Fighting Blocks off Food Supplies to Myanmar’s Chin State Township
By Htet Naing Zaw 19 February 2020
Naypyitaw – Paletwa Township in Chin State, which borders Rakhine State, is facing food shortages after renewed clashes between Myanmar’s military and the Arakan Army (AA) since early February blocked land and water routes.
The routes are part of the India-backed Kaladan Multi-Modal Transit Transport Project. The project includes 158 km of waterways on the Kaladan River from the Rakhine capital, Sittwe, to Paletwa and a 109-km road from Paletwa to Zorinpui along the Indian border in Mizoram.
The escalating clashes have seriously hampered the project and blocked transport links since Feb.5, leaving Paletwa without food supplies.
According to Myanmar’s military spokesman Brigadier-General Zaw Min Tun, AA troops have been attacking a military outpost between Kaladan River and Meewa Creek in Paletwa Township since Feb. 12. Two government soldiers were injured when approximately 160 AA troops attacked the outpost on Feb. 17.
AA spokesman Khaing Thukha said fierce clashes have occurred in Paletwa since the first week of February between the AA, and around 400 government troops, who were being reinforced by a Myanmar military artillery base near Meewa Creek.
According to Chin State minister U Soe Htet, river transport is no longer available as the AA has taken control of the Kaladan River downriver from Paletwa. Ten vessels with around 200 passengers heading to Paletwa are stranded following the fighting on Feb. 17.
Rice stocks are running low in Paletwa and 1,000 bags of rice reserved for displaced civilians are running out. Fuel was also dwindling, said the minister, adding that the state authorities had reported the situation to the Union government.
“Though the land routes were inaccessible from time to time in the past, the route along the Kaladan River was largely accessible although [the AA] blocked it sometimes. But what is happening after Feb. 5 has been the worst. Vessels can’t go anywhere. This has caused troubles for both passengers and crew,” said U Soe Htet.
Ferry services between Paletwa and Rakhine State’s Kyauktaw have been suspended since Feb. 6.
“I came to Kyauktaw on Feb. 6 for shopping. I stayed overnight and when I was to leave the following day, vessels had ceased operations. I heard clashes are taking place on the way. I don’t know where they happened. I can only hear the sound of gunfire,” said Paletwa resident Hary Thae, who has been stranded in Kyauktaw.
More than 100 people from Paletwa are stranded in Kyauktaw. Some are staying at guesthouses or with relatives.
“We are short of rice. There is nothing left to buy. Some villagers dare not go into the forest to search for food because they fear landmines. Mine blasts have already killed and injured dozens. I heard some villages asked for help from the township administrator,” said a Paletwa resident who asked for anonymity.
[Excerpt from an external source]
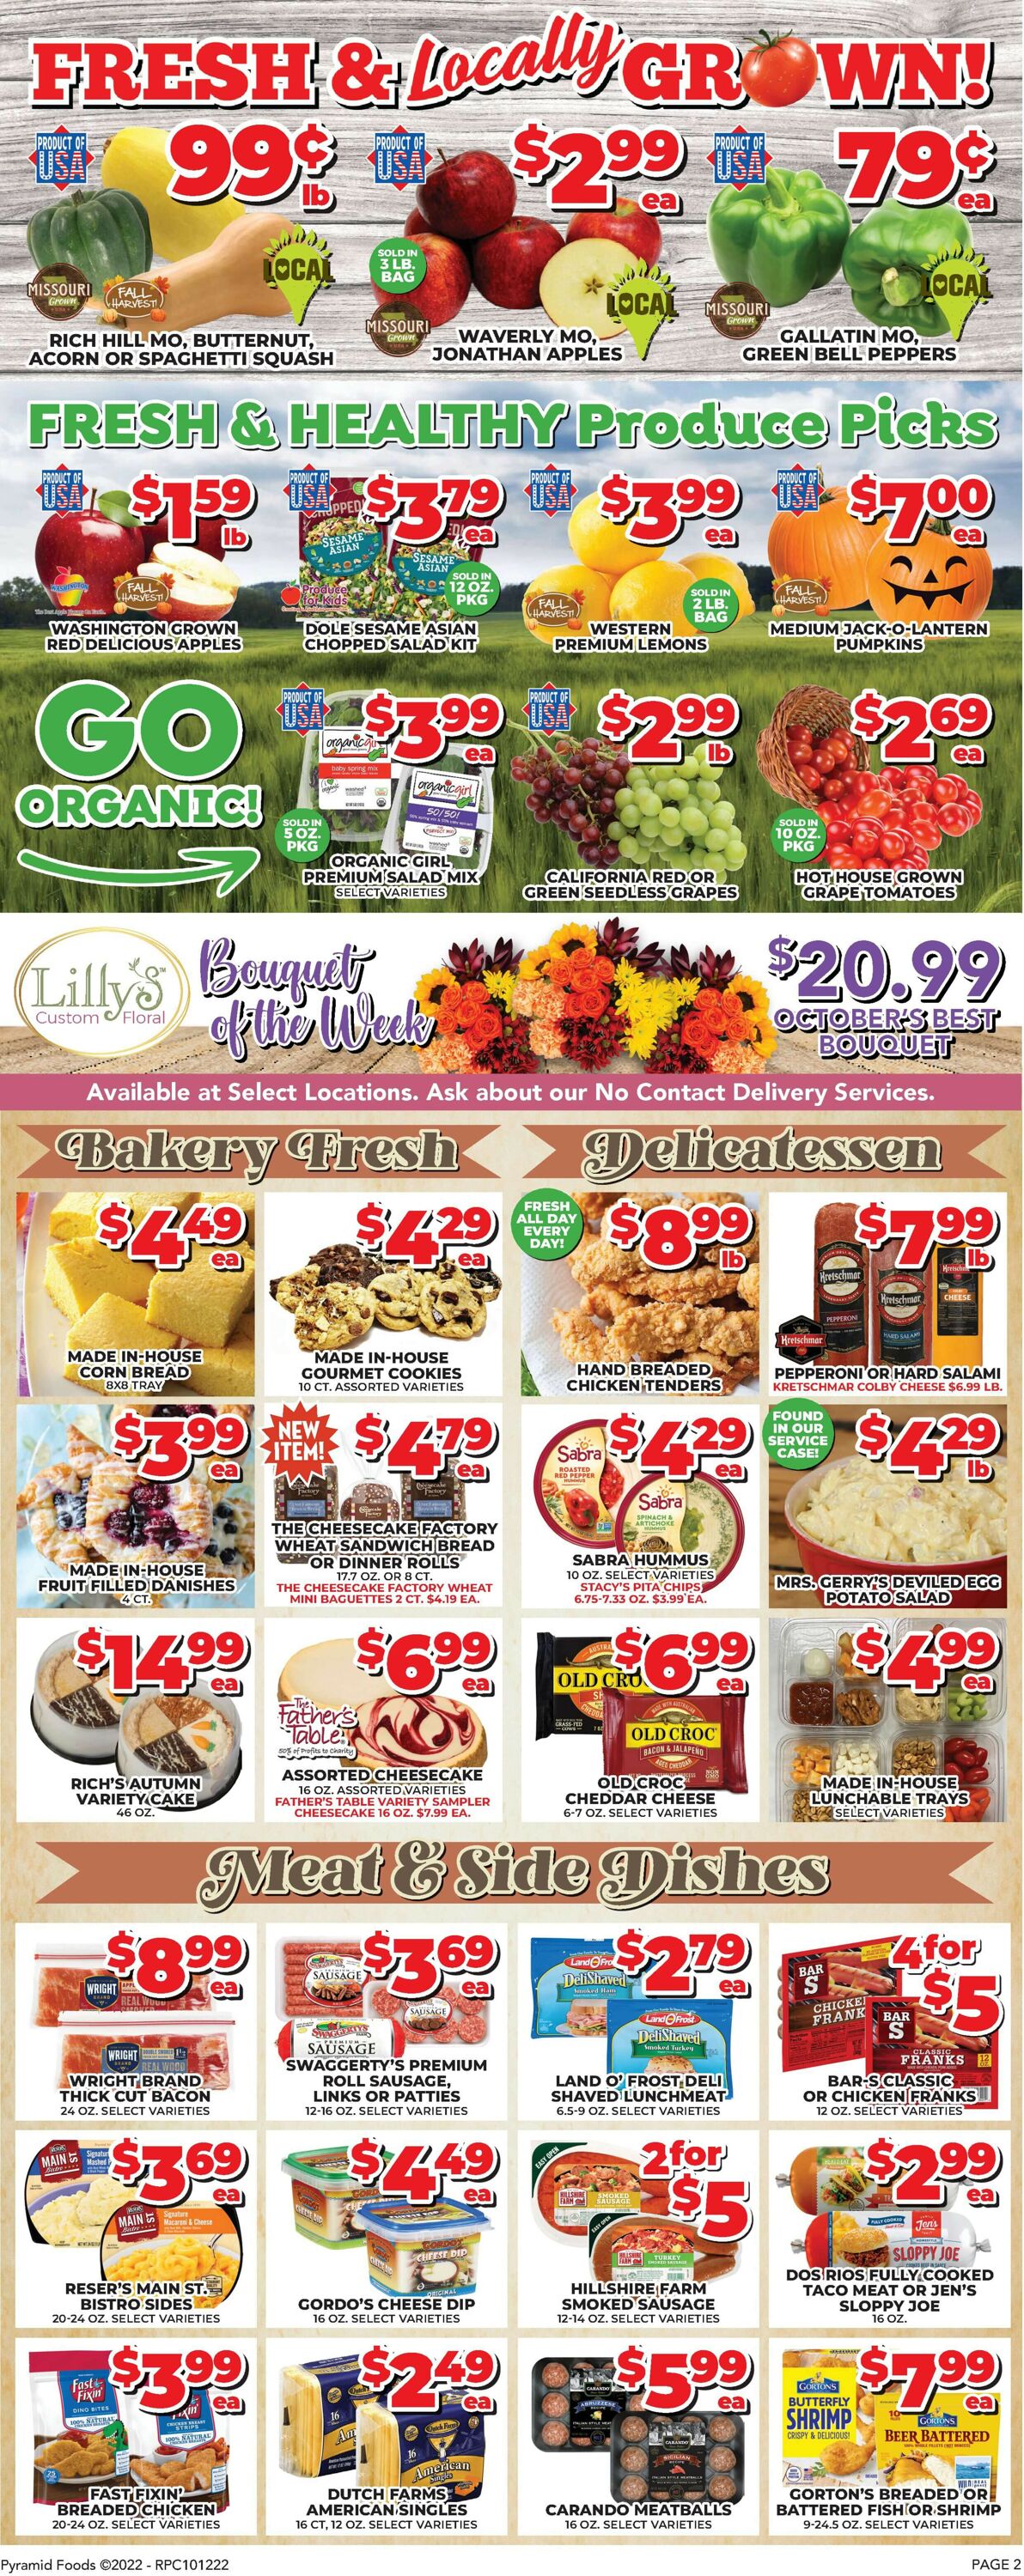 Price Cutter Weekly Ad Circular - valid 10/12-10/18/2022 (Page 2)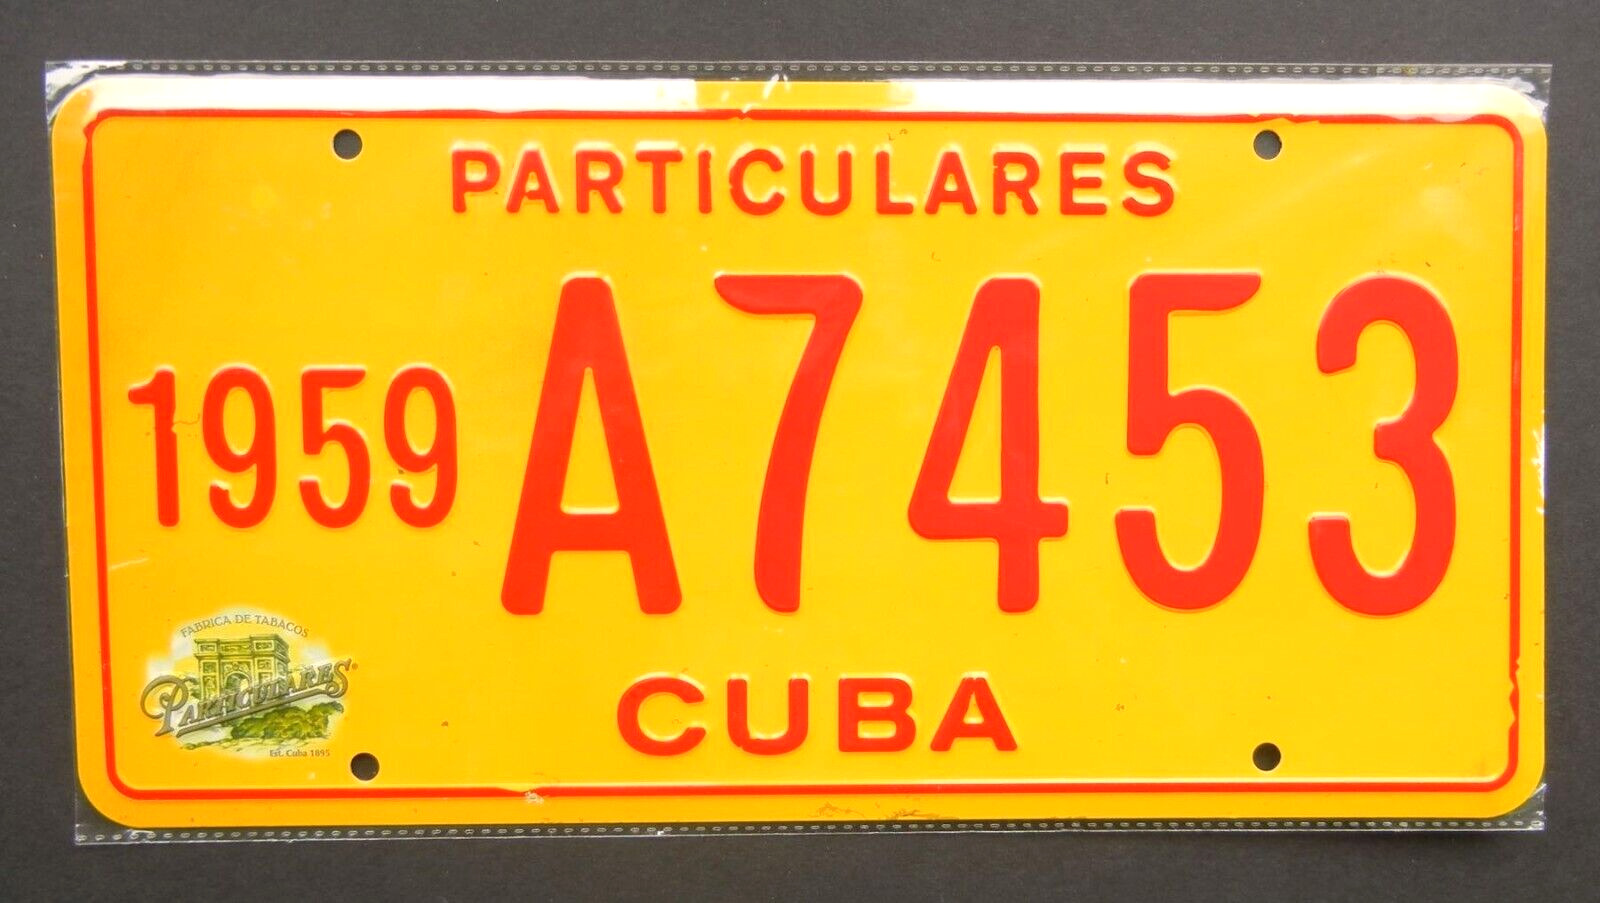 NEW Particulares Cigars 1959 CUBA Advertising LICENSE PLATE Metal Sign # A7453

He said lower-ranking administrators in villages were being forced by the AA to hand over cattle and pigs for free. Villagers cannot report it due to the internet shutdown in the township, he added.
“We reported the movements [of the AA] in the forest, but [the military] did not respond. We heard the sound of shelling and we don’t know which side was firing. We are in a state of panic. The situation might be worse in villages than in the town,” he added.
The Myanmar military said the AA was trying to shift the battleground back to Paletwa because it is losing the war in Rathedaung, Buthidaung, Mrauk-U and Minbya townships in northern Rakhine State. The AA intends to re-gather its forces in Paletwa and cut off the transport links, said Brig-Gen Zaw Min Tun.
“This place is important militarily to gain control of the area. They are trying to secure the river between Kyauktaw and Paletwa,” he said.
The AA’s Khaing Thukha refused to answer The Irrawaddy’s question about whether the AA was trying to cut off food supplies to carry out major attacks on military outposts in Paletwa and take control of the entire township.
He refused to say if the AA wanted to retake Paletwa but said the rebel army had no intention of cutting off food supplies to Paletwa.
It has been more than a year since clashes broke out in Rakhine State. The government peace commission has held talks with the Northern Alliance of four ethnic armed groups of which the AA is a member. But there has been no progress.
The AA was established in 2009 in Laiza, Kachin State, with the support of the Kachin Independence Army (KIA) and in 2014 it managed to return to its Rakhine homeland.
The following year, it built a stronghold in Paletwa before deploying in Buthidaung, Kyauktaw, Rathedaung, Ponnagyun, Minbya and Mrauk-U townships.
Brig-Gen Zaw Min Tun said: “The first clash with the AA took place in Paletwa in 2015 at Pyaing Su Village. They are based there. Most of their outposts are in Paletwa and the border. From there they infiltrated into Rakhine. One group went into Buthidaung, and another to Mrauk-U and Kyauktaw.”
The fighting was the fiercest in mid-2019 and both sides reportedly suffered heavy casualties. More than 100,000 people have been displaced by clashes, according to regional sources.